L’équipe a employé ensuite une technique pionnière, la fuliginochronologie, qui analyse les couches de suies imprégnant les parois d’une grotte, traces d’anciens foyers. L’étude des fragments de parois, « tombés directement dans les couches, montrent qu’Homo sapiens est revenu une fois par an dans la cavité, sur 40 ans », analyse Ludovic Slimak.

Néandertal et Homo Sapiens ont «co-éxisté» dans la grotte Mandrin

Homo sapiens est venu dans cette grotte un an seulement après le passage de Néandertal dans cet abri. Quand Homo sapiens le quitte définitivement, Néandertal y revient, bien plus tard (environ un millier d’années). »A un moment donné les deux populations ont soit co-existé dans la grotte, soit sur le même territoire », en conclut le chercheur.

Il imagine que Néandertal ait pu servir de guide à Sapiens pour le mener aux meilleures sources de silex disponible, situées pour certaines jusqu’à 90 km de là… « En ethnographie, la question de prendre des guides en territoire inconnu est universelle », remarque-t-il. Au final « l’apparition des humains modernes et la disparition de Néandertal est beaucoup plus complexe » qu’imaginée jusqu’ici, remarque le professeur Chris Stringer, co-signataire de l’étude.

Homo Sapiens victime du changement climatique

« C’est difficile de dire pourquoi ces humains modernes se sont dispersés, probablement le long de la côte nord méditerranéenne et vers la vallée du Rhône. Une explication commune est le changement climatique, les climats en Europe et en Asie étaient instables, il y avait de constantes variations de température entre presque aussi chaud que de nos jours et très froid, et certains de ces changements ont été très rapides. Donc cela pourrait avoir déstabilisé les populations, cela pourrait les avoir conduits à bouger, et cela pourrait avoir donné une opportunité aux humains modernes de s’installer brièvement sur le territoire de Néanderthal dans le sud de la France », explique Chris Stinger.

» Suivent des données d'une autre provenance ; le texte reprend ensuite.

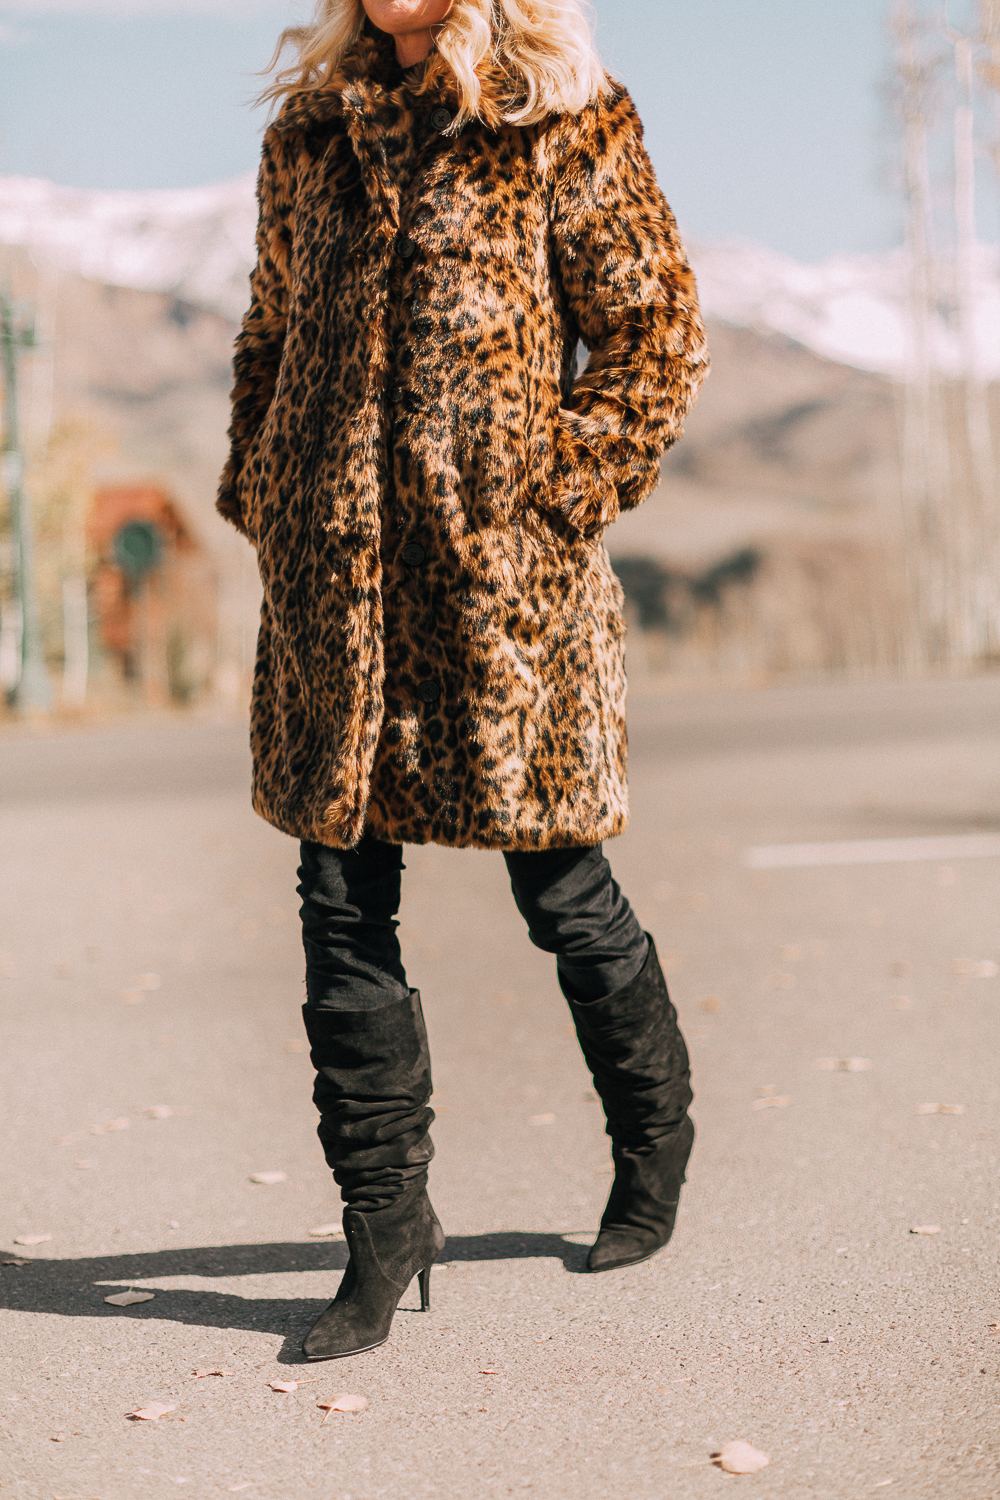 J.Crew faux fur leopard coat with slouchy knee high boots blogger outfit for fall and winter

La compréhension de leur chevauchement est indispensable pour expliquer « pourquoi nous sommes devenus la seule espèce humaine restante », ajoute-t-il, dans un communiqué. Ce chevauchement, évident à Mandrin, place désormais le Rhône comme un « grand couloir de migration « permettant à Homo sapiens « de rejoindre l’espace méditerranéen et l’espace continental européen », selon Ludovic Slimak. Le chercheur promet d’autres découvertes dans la grotte Mandrin.